Description of the Applied Deep Well Assay Protocol for Strain Characterization

[0350] The strains disclosed in the present example were screened in 96 deep well plates using a 4-day protocol. During the first 24 hours, precultures were grown to high densities and subsequently transferred to a medium that allowed induction of gene expression and product formation. More specifically, during day 1, fresh precultures were prepared using a basal minimal medium supplemented with magnesium sulphate, thiamine and glucose. The precultures were incubated for 24 hours at 34 C. and 1000 rpm shaking and then further transferred to a new basal minimal medium (BMM, pH 7.5) in order to start the main culture. The new BMM was supplemented with magnesium sulphate, thiamine, a bolus of 20% glucose solution (50 ul per 100 mL) and a bolus of 10% lactose solution (5 ml per 100 ml). Moreover, 50% sucrose solution was provided as carbon source, accompanied by the addition of sucrose hydrolase (invertase), so that glucose was released at a rate suitable for C-limited growth. The main cultures were incubated for 72 hours at 28 C. and 1000 rpm shaking.

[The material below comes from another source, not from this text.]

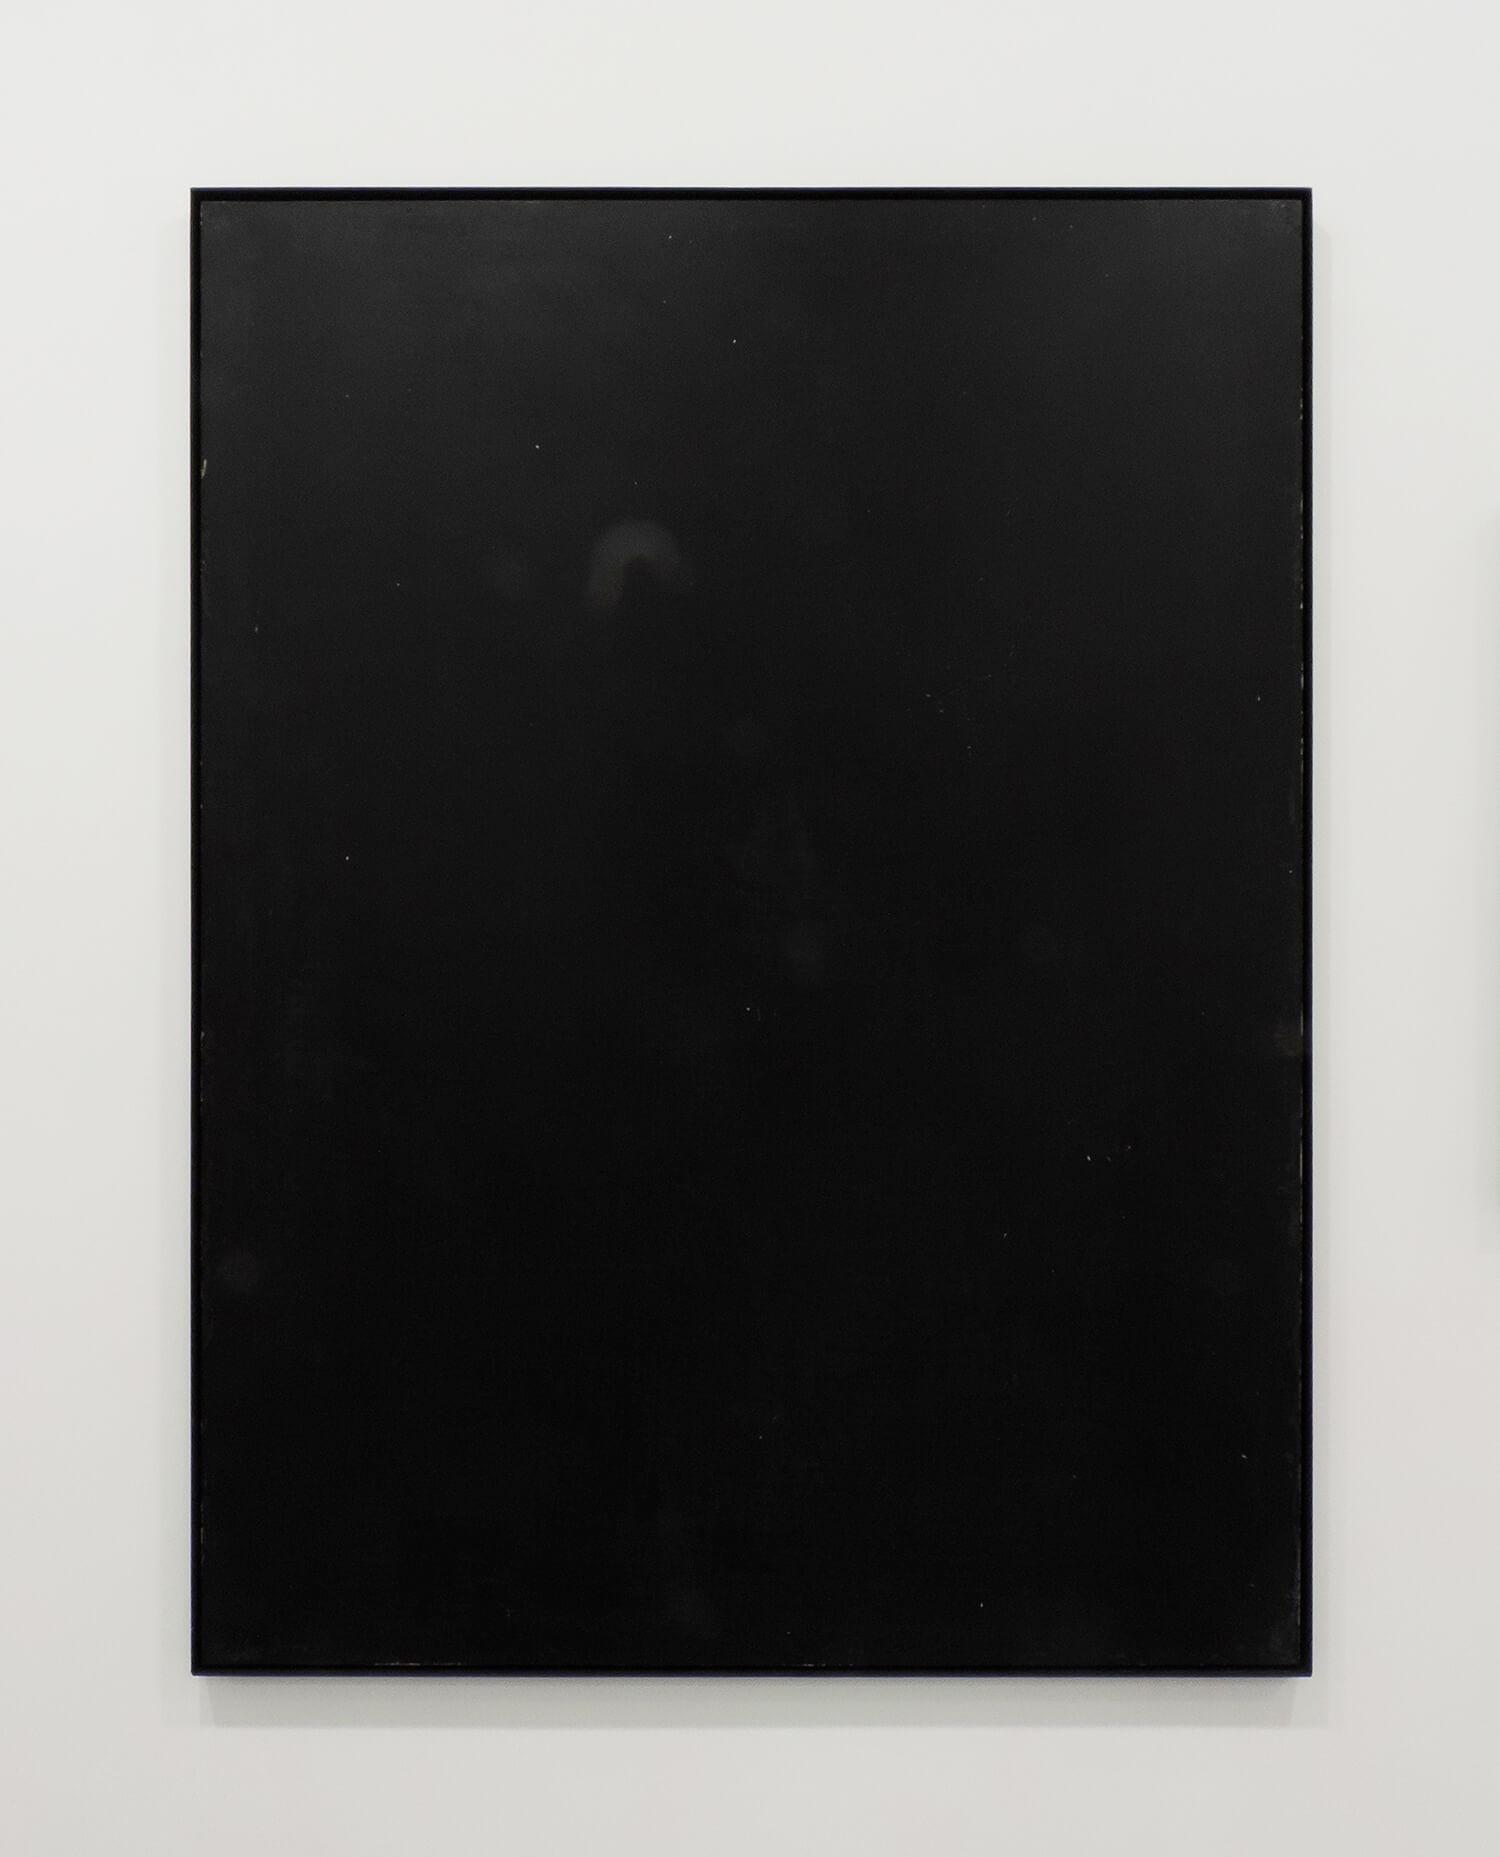 <b>black board</b><br>木製パネルに綿布、黒板塗料、鉄製フレーム<br>1234 × 930 mm<br>2009

[0351] For the analysis of total broth, the 96-well plates were boiled at 100 C., subsequently centrifuged, and finally the supernatants were analysed by HPLC. For supernatant samples, the initial centrifugation of microtiter plates was followed by the removal of 0.1 mL supernatant for direct analysis by HPLC. For pellet samples, the cells were initially washed, then dissolved in deionized water and centrifuged. Following centrifugation, the pellets were analysed for HMO content in the cell interior after resuspension, boiling, centrifugation and analysis of the final supernatant.

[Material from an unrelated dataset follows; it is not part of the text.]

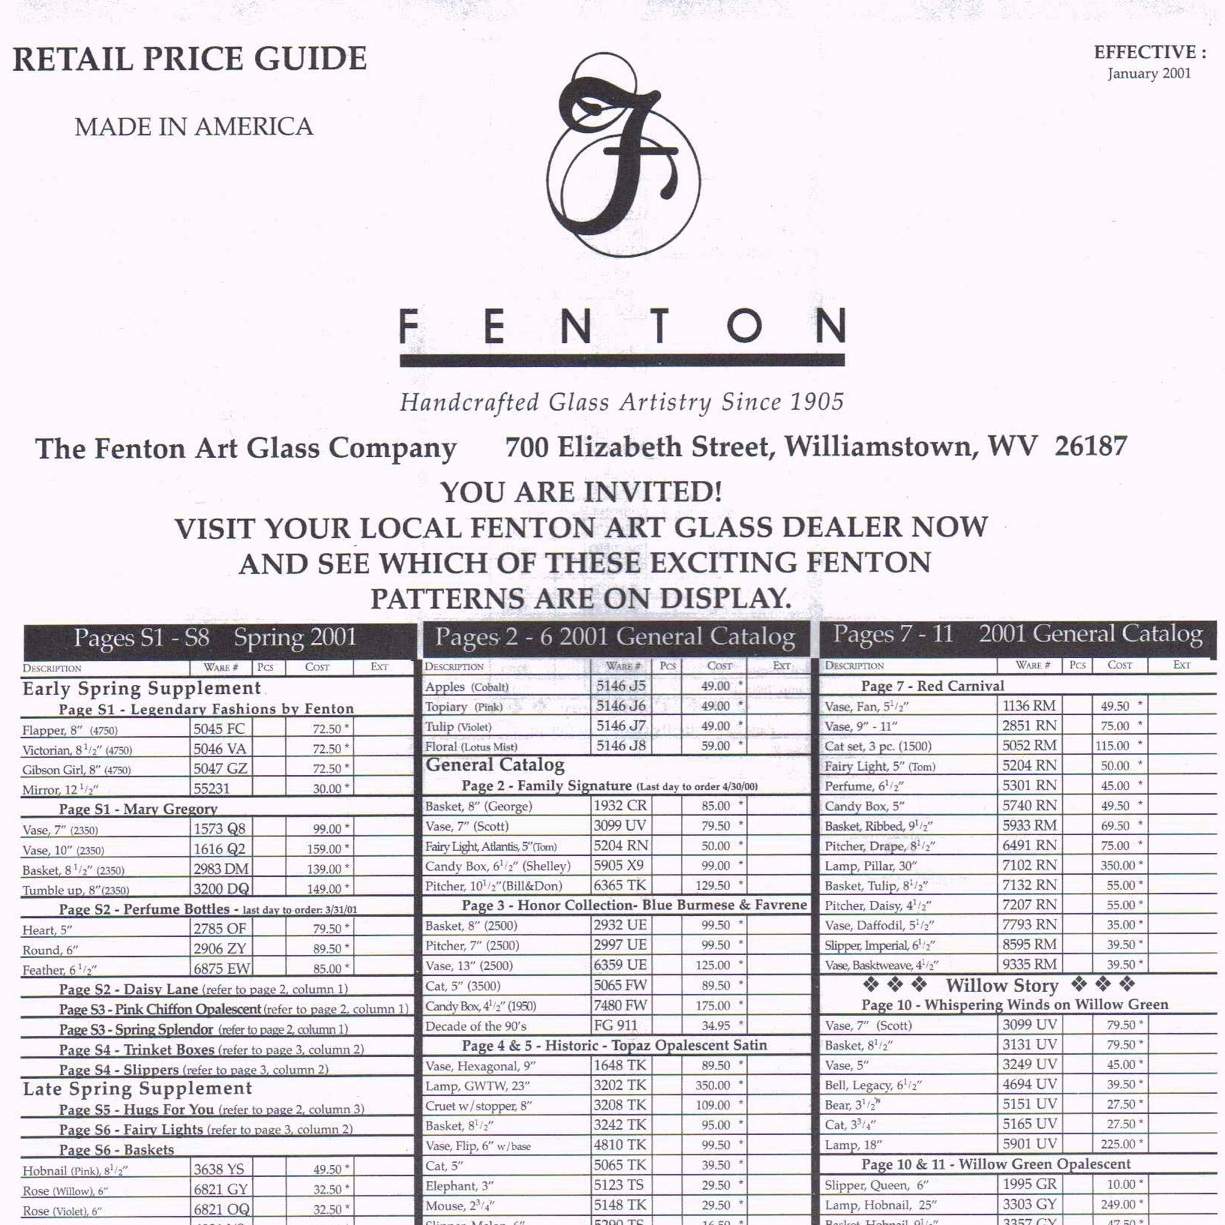 2001 Jan Price Guide
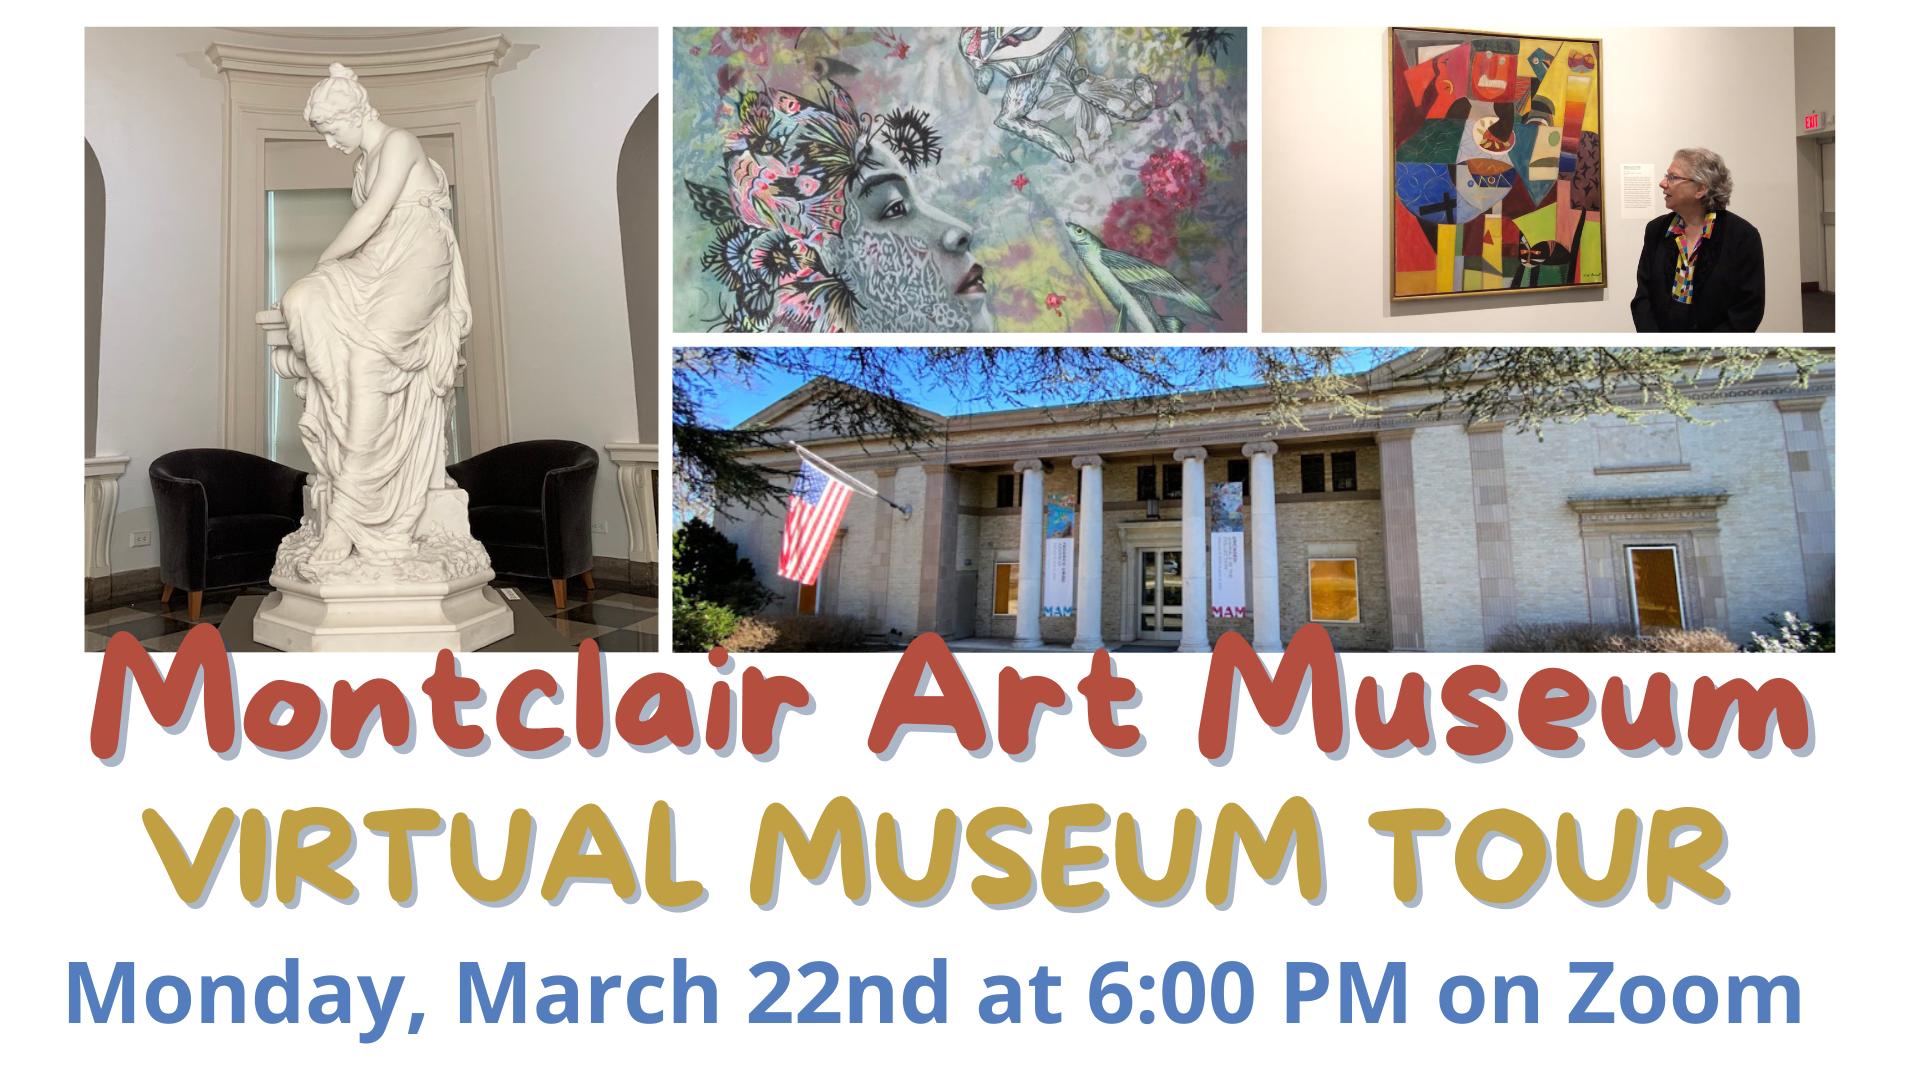 Montclair Art Museum Tour

Results of the Deep Well Assays Since the FutC enzyme is known to have a higher specificity for lactose than for LNT, the formation of 2-FL is favoured in futC-expressing cells (Wang et al, Mol. Microbiol., 1999, 31, 1265-1274). To promote LNFP-I synthesis in vivo, it is therefore desirable to identify -1,2-fucosyltransferases other than FutC that show higher specificity for LNT than for lactose. This has been attempted before in patent WO2019008133A1, where several -1,2-fucosyltransferases were associated with a high specificity for LNT, including the FucT54 enzyme.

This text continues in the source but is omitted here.